A legislative Natural Resources subcommittee on Monday advanced House Bill 4,144 as amended and voted to send the measure to the full committee with a due-pass recommendation.
April, a staff member who reviewed meeting materials, summarized the bill for the subcommittee, saying the measure would establish a statewide battery producer responsibility program for producers of portable and medium-format batteries and battery-containing products and require producers to join a producer responsibility organization and submit plans to the Department of Environmental Quality (DEQ) for approval. "DEQ is directed to develop rules to administer the program, review and evaluate these plans, enforce compliance, and approve program changes," April said during the work session.
Under the bill, the Environmental Quality Commission would set administrative fees by rule to cover program costs and revenues would be deposited into a newly established Battery Producer Responsibility Fund. April told members DEQ must evaluate related studies and other states' programs and report findings and recommendations to the legislature by May 30, 2028.
The subcommittee also adopted the DASH-1 amendment, which April described as providing an increase of $142,317 in other funds expenditure limitation to establish and support a 0.5 full-time equivalent permanent program analyst position in DEQ's Land Quality Division to handle rulemaking, program development, ongoing oversight, research and reporting.
The Legislative Fiscal Office recommended adoption of the DASH-1 amendment and that House Bill 4,144 as amended be moved forward. Senator Frederick (recorded in the transcript as moving) formally moved adoption of the DASH-1 amendment and later moved the bill, as amended, to the full committee with a due-pass recommendation.
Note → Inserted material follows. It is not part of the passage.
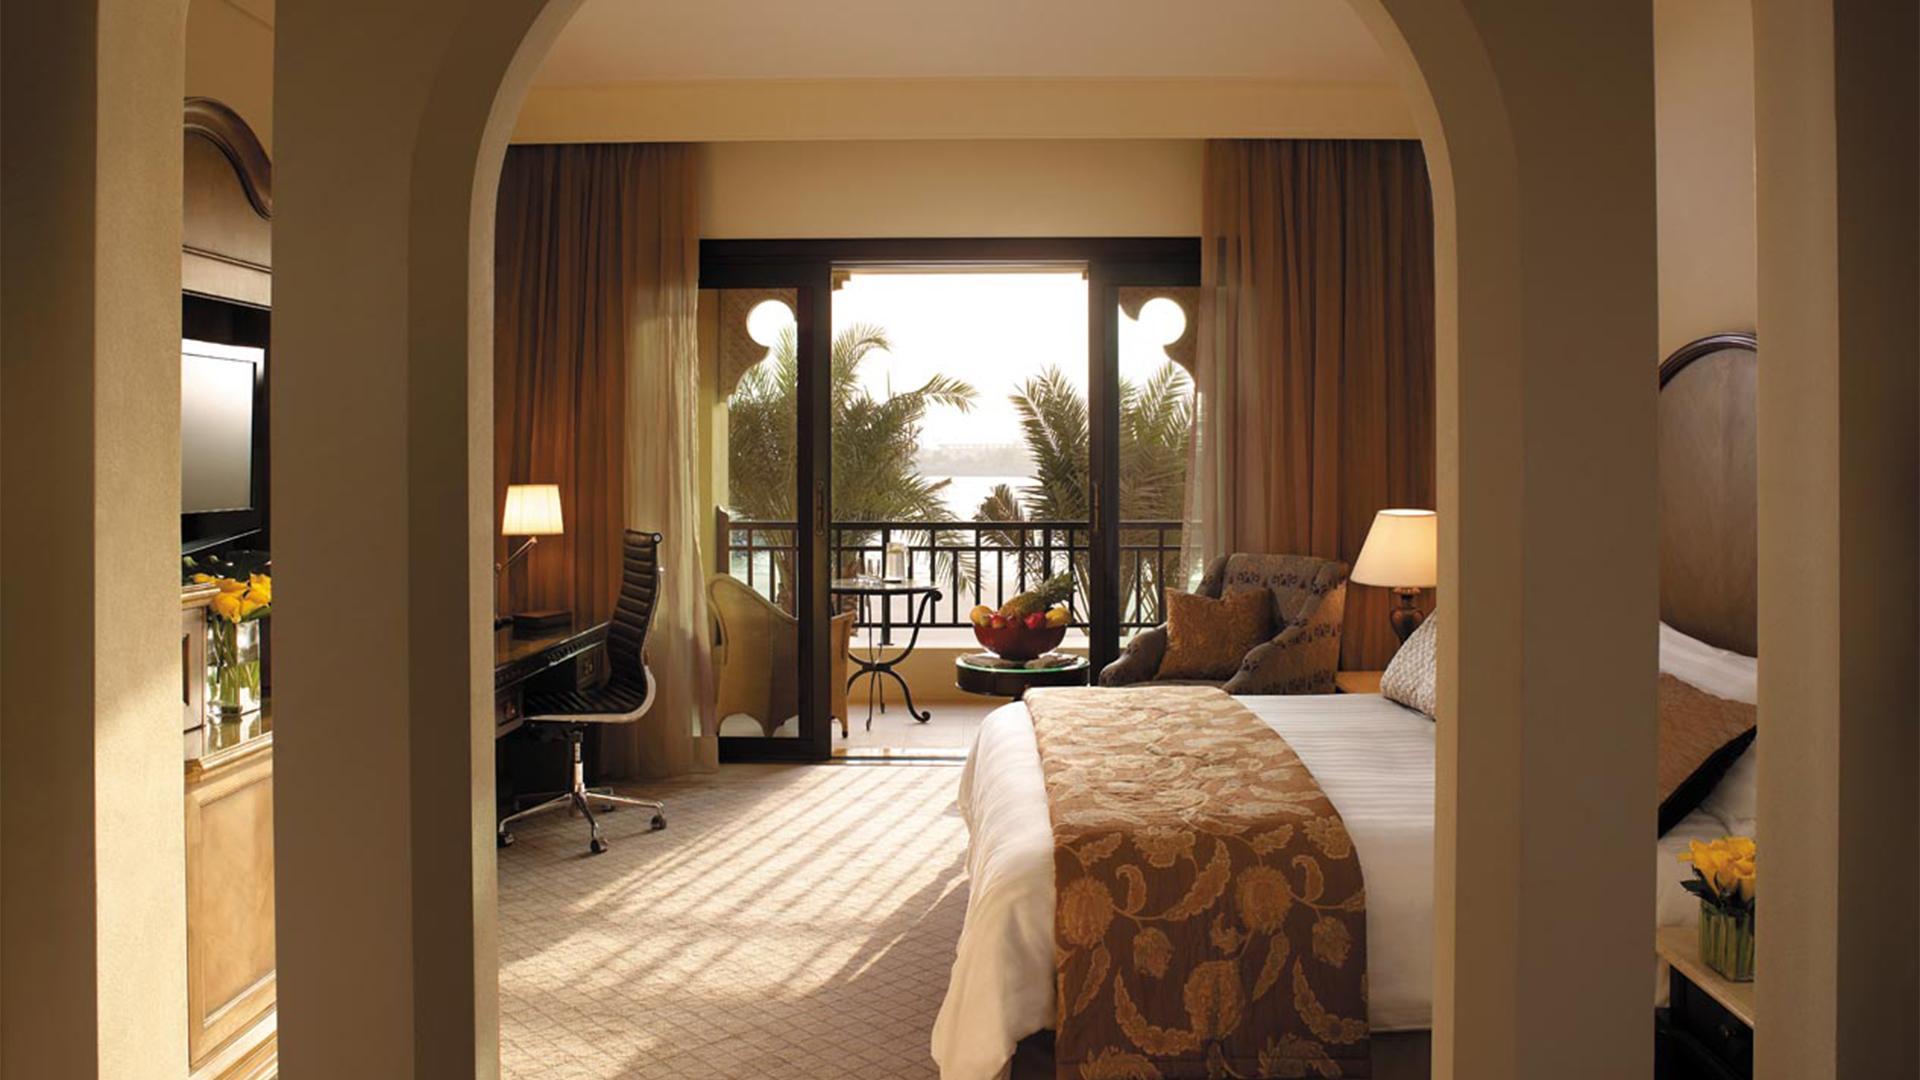 Deluxe Room image 1 at Shangri-La Hotel, Qaryat Al Beri, Abu Dhabi by null, Abu Dhabi, United Arab Emirates

The chair called for discussion on both motions, heard none on the amendment, and stated the amendment passed.
When the subcommittee called the roll on the motion to send the bill to the full committee, the transcript records these responses: "Senator Frederick" answered Yes; "Senator Nash" answered No; "Co Chair Nero Missley" answered Aye; "Representative Grace Iverson" and "Representative Owens" were recorded as Excused; "Representative Langley" answered Aye; and "Representative Dawson" answered Yes. The transcript records additional affirmative responses and the chair announced that the motion passed. (The roll-call names and short responses above are transcribed verbatim from the meeting record; portions of the spoken roll call in the transcript are unclear or abbreviated.)
Members said they would appoint carriers to take the bill to committee and the floor. The subcommittee chair closed the work session; April told members to "stay tuned" for next steps.
The work session materials posted to OLISS included a staff measure summary, the DASH-1 fiscal amendment, and the LFO recommendation memo for House Bill 4,144. The bill text and fiscal amendment will determine final program scope, fee levels and implementation timing if the Legislature ultimately passes the measure.
Next procedural steps: the bill was moved to the full committee with a due-pass recommendation; the full committee will schedule further consideration and any additional amendments.